(Extracted records)
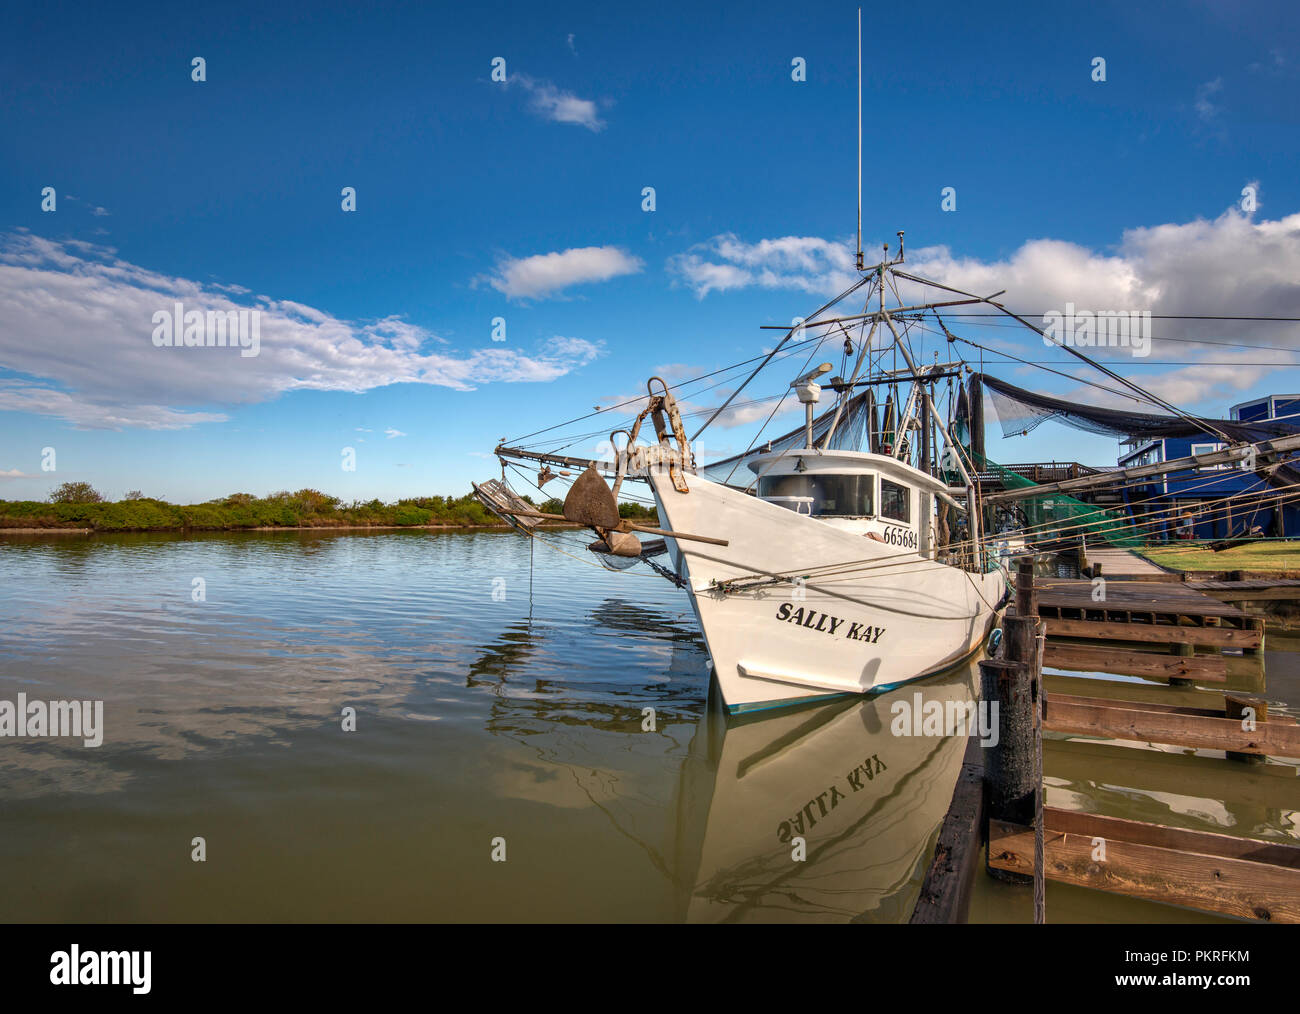 Bateau de crevettes au quai à la Colorado River près de son estuaire au golfe du Mexique, près de Matagorda, Texas, États-Unis Banque D'Images
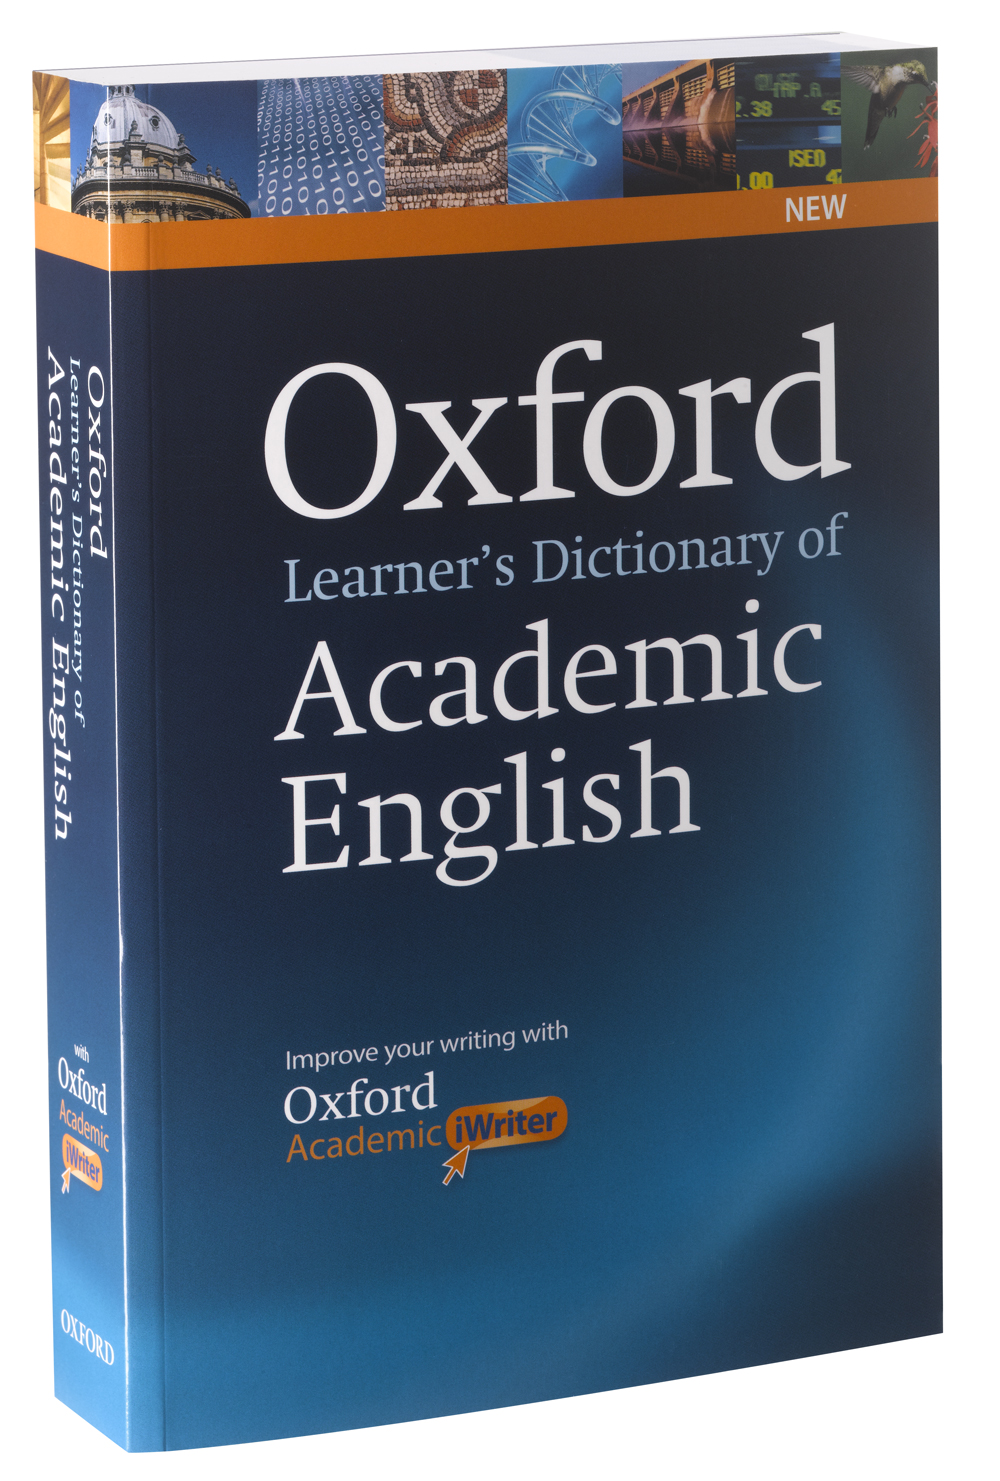 学術英語の習得と活用をサポートする オックスフォード の新 英英辞典 Oxford Learner S Dictionary Of Academic English オックスフォード大学出版局株式会社のプレスリリース
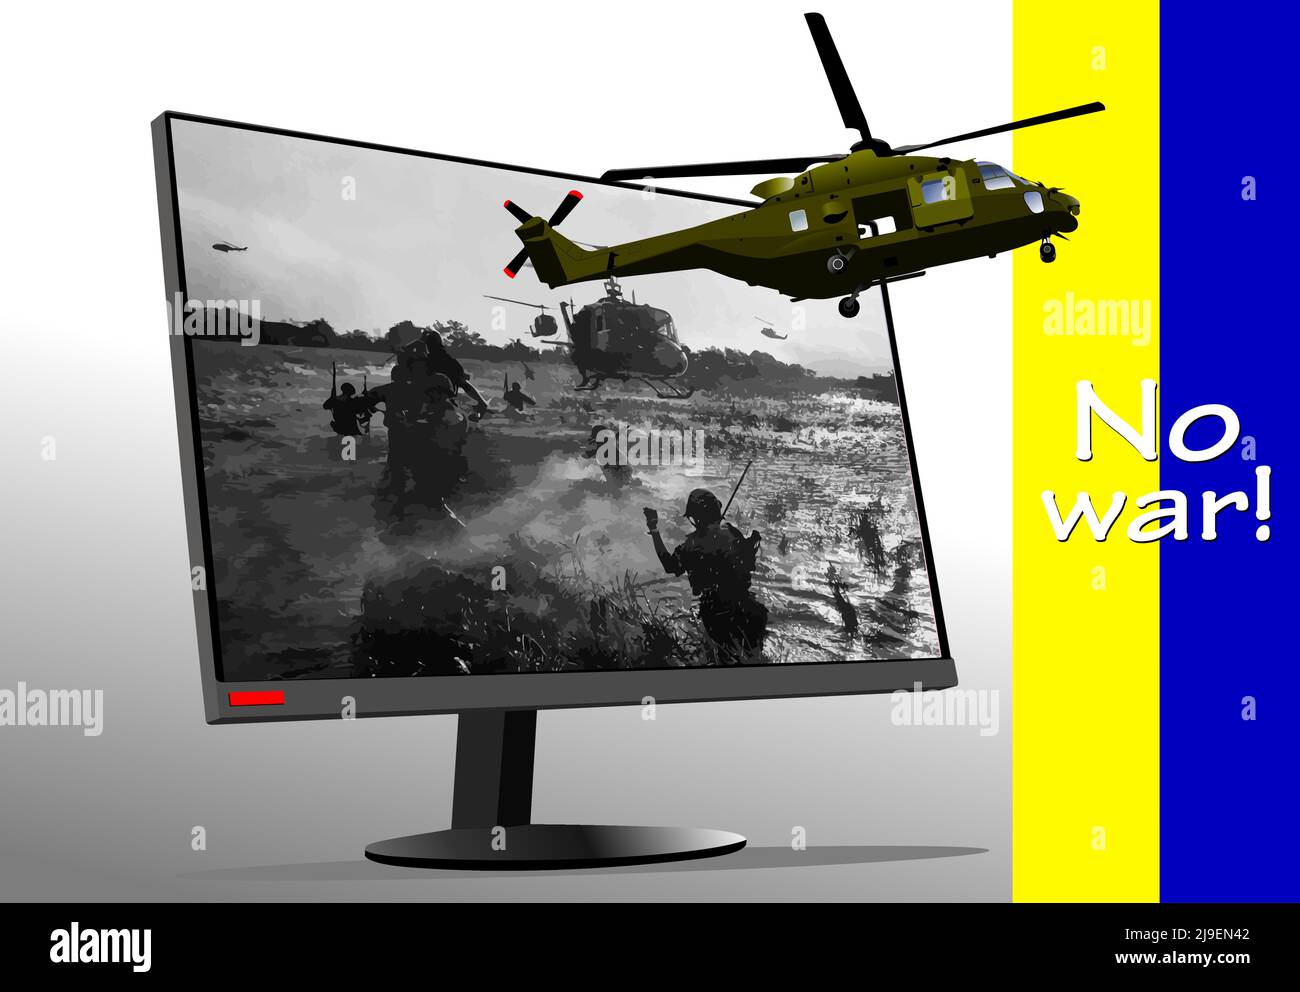 Immagine astratta con schermo tv e immagine elicottero. Nessuna guerra! 3d illustrazione vettoriale Illustrazione Vettoriale
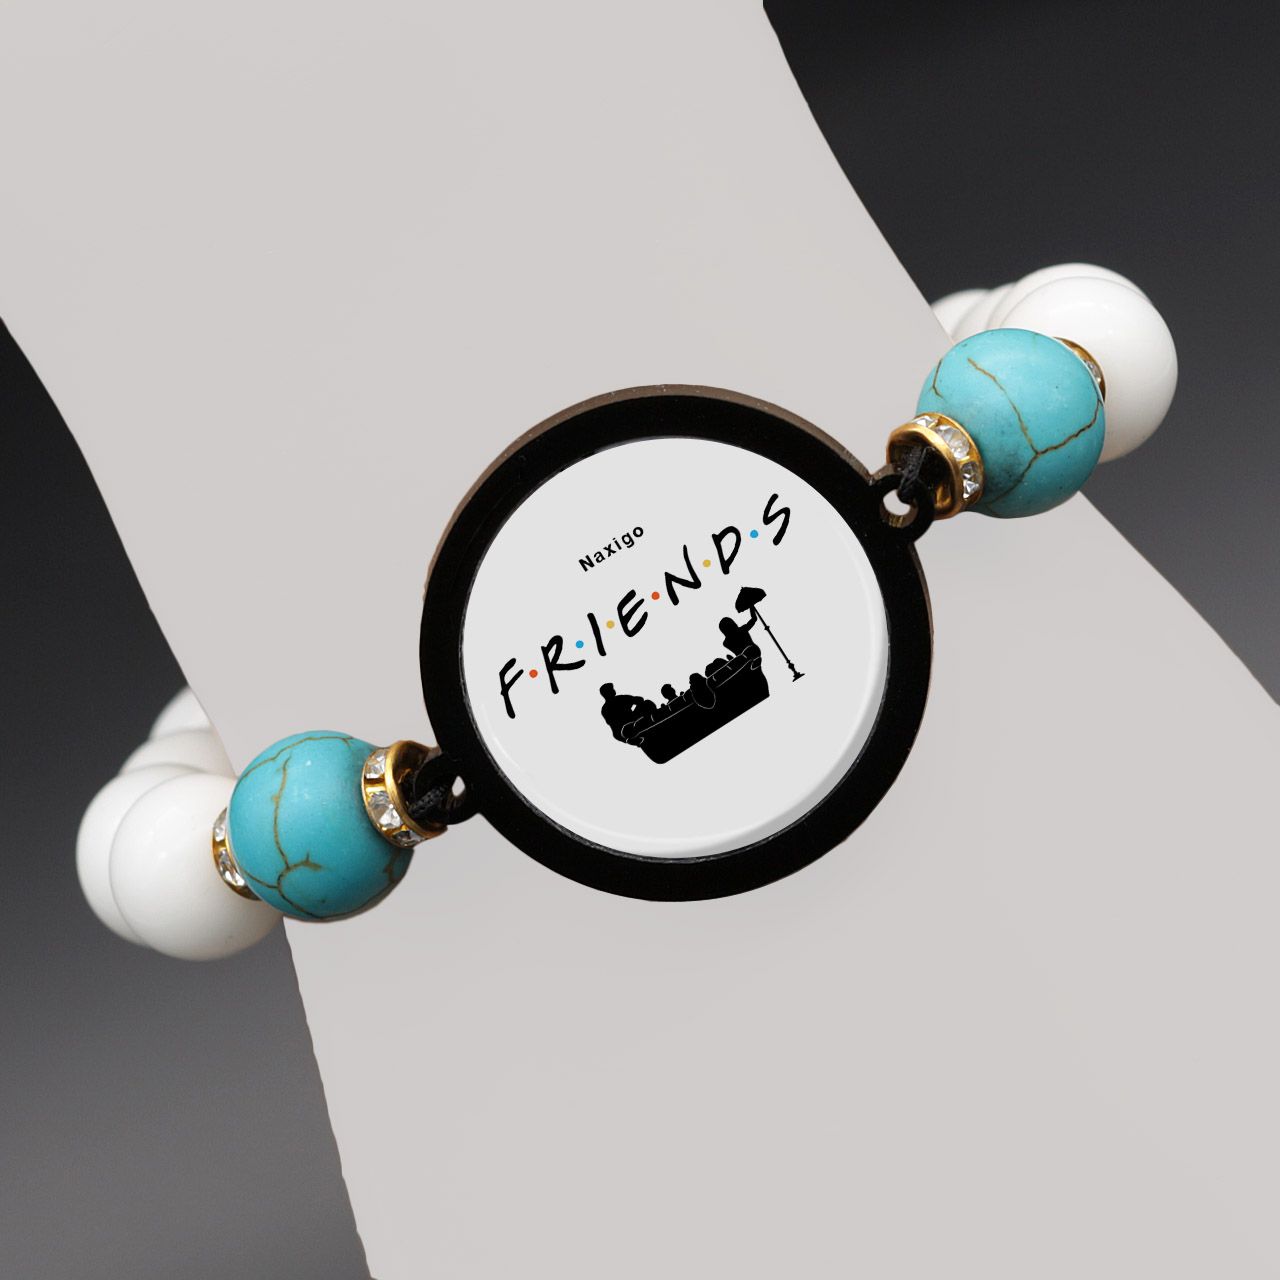 دستبند زنانه ناکسیگو طرح Friends کد BR4300 -  - 7
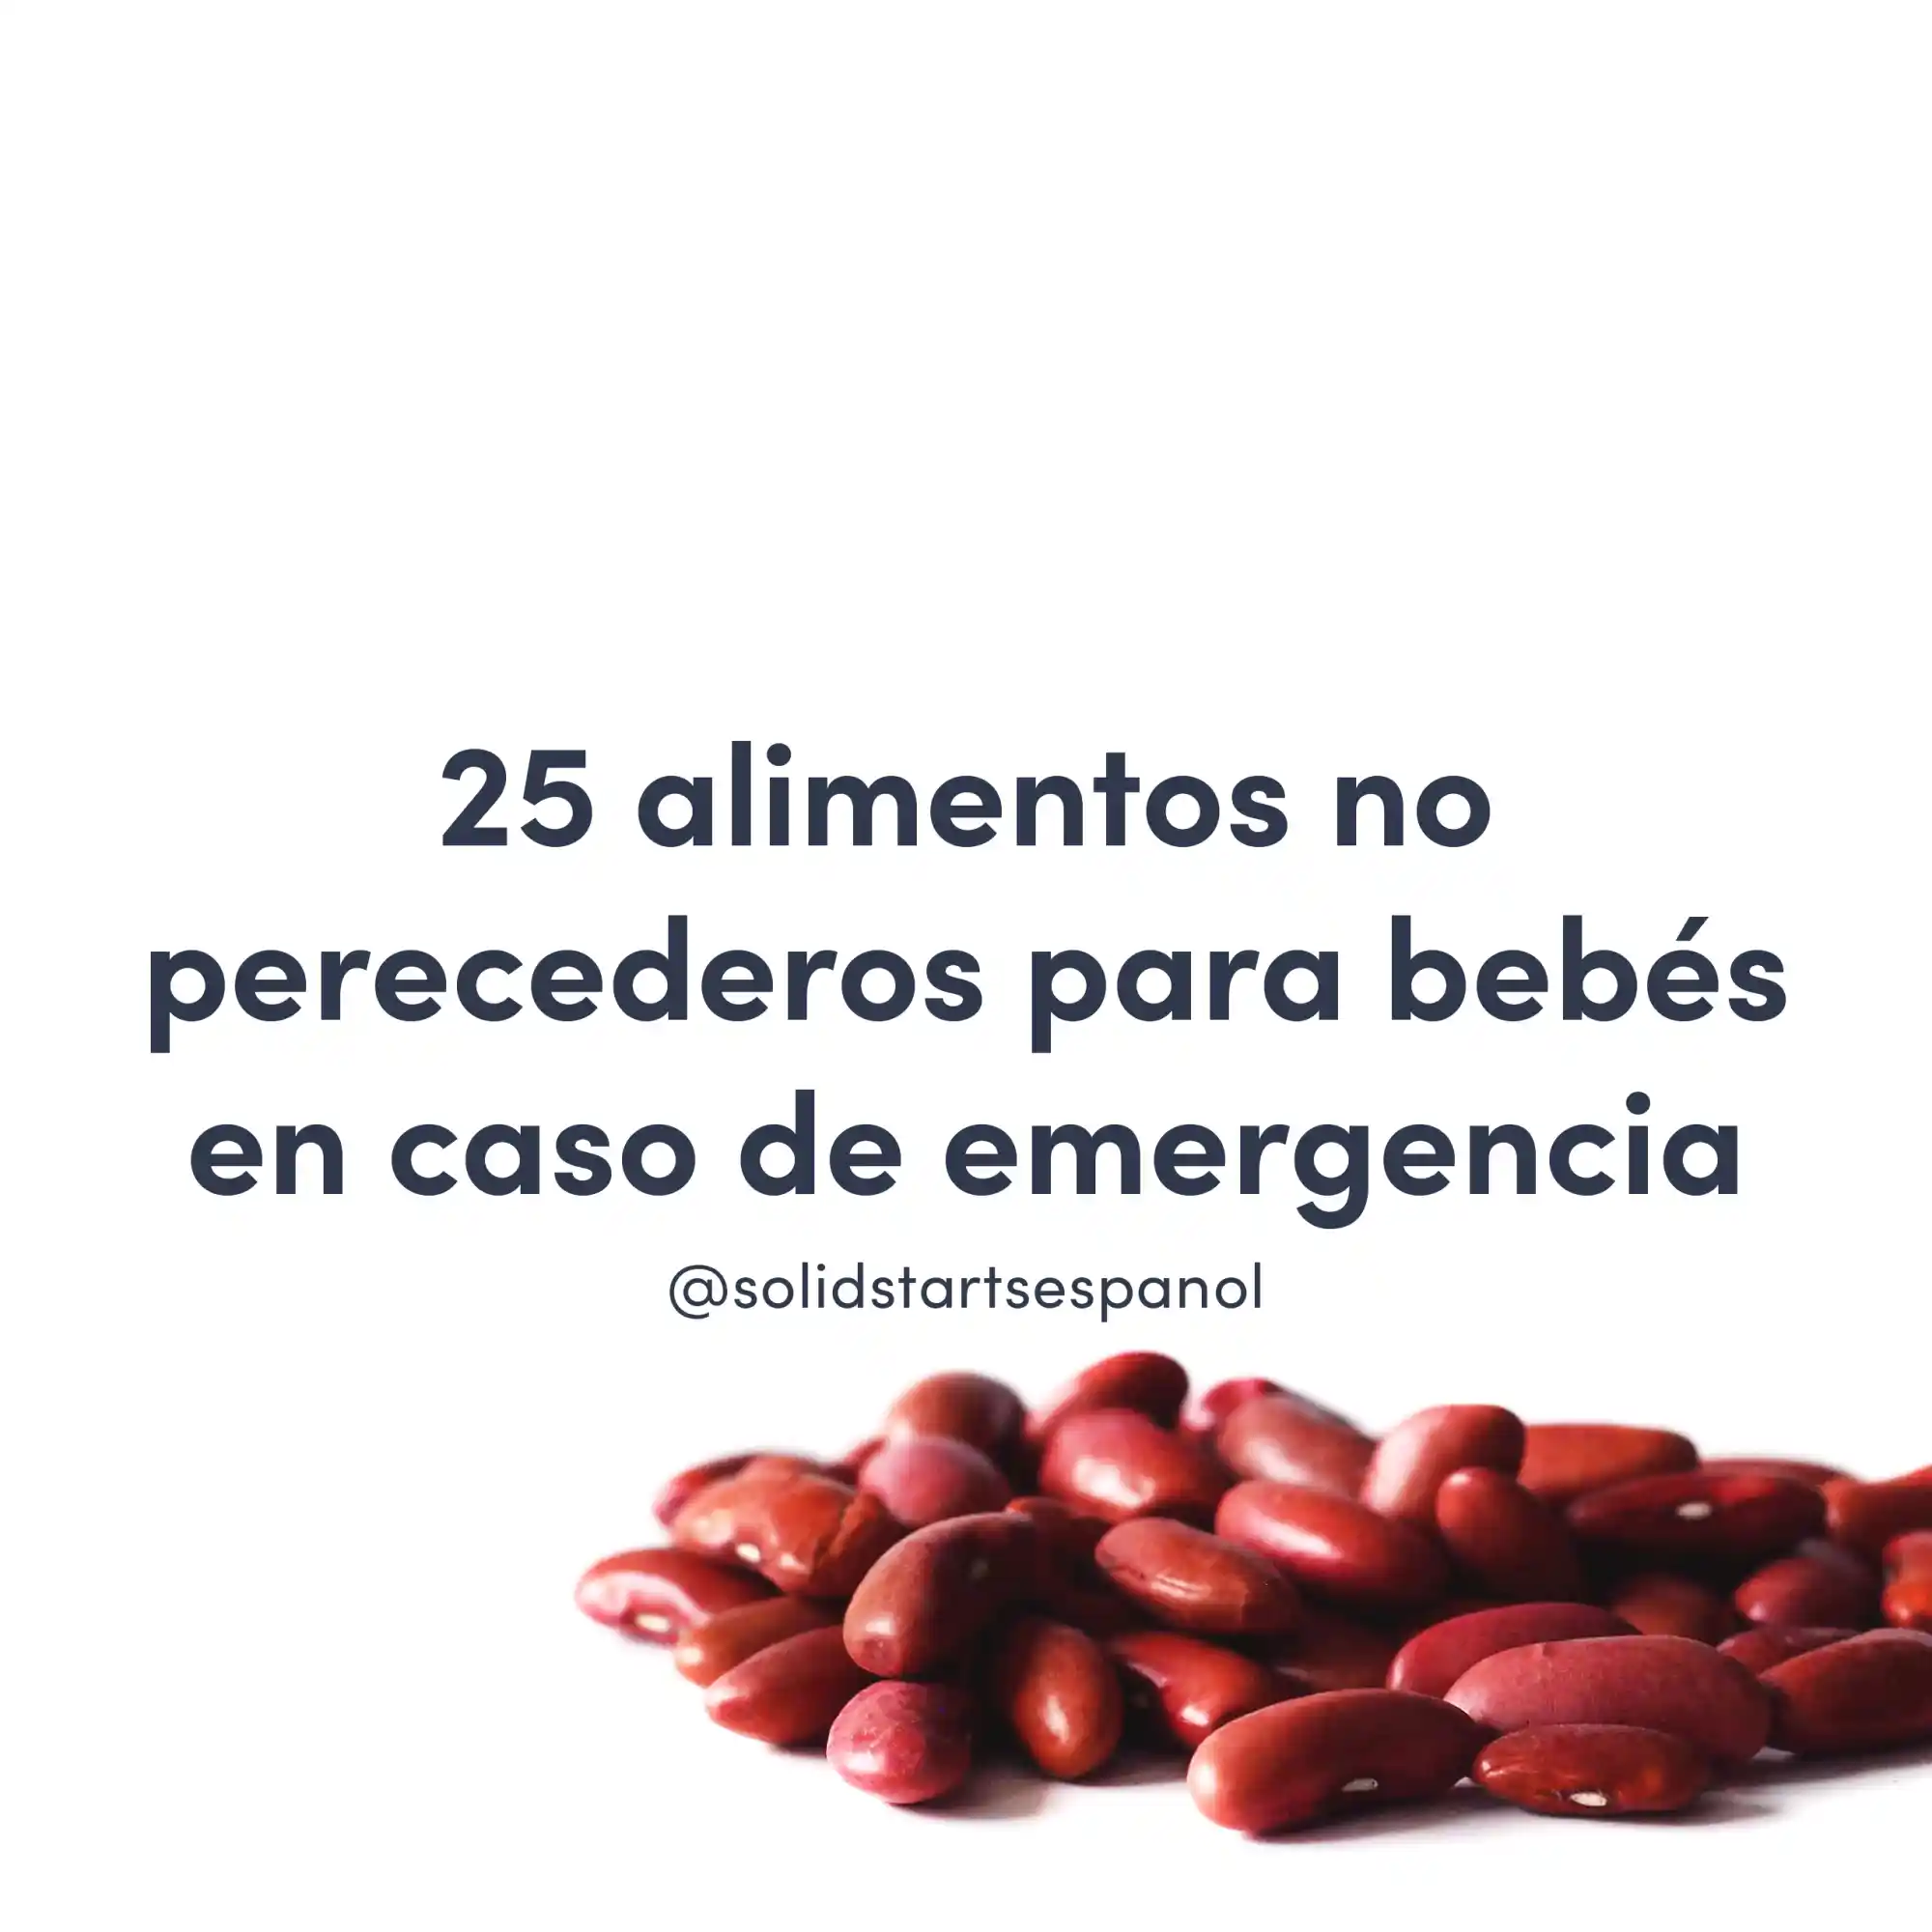 Imagen de frijoles rojos con el título "25 alimentos no perecederos para bebés en caso de emergencia"

Assigned task :: From the line with "学術英語の習得と活用をサポートする オックスフォード の新" to the final line of the entries above, reproduce each line exactly and nothing else; the pictures stay out.

Response below ::
 学術英語の習得と活用をサポートする オックスフォード の新 英英辞典 Oxford Learner S Dictionary Of Academic English オックスフォード大学出版局株式会社のプレスリリース
 Immagine astratta con schermo tv e immagine elicottero. Nessuna guerra! 3d illustrazione vettoriale Illustrazione Vettoriale
 دستبند زنانه ناکسیگو طرح Friends کد BR4300 -  - 7
 Imagen de frijoles rojos con el título "25 alimentos no perecederos para bebés en caso de emergencia"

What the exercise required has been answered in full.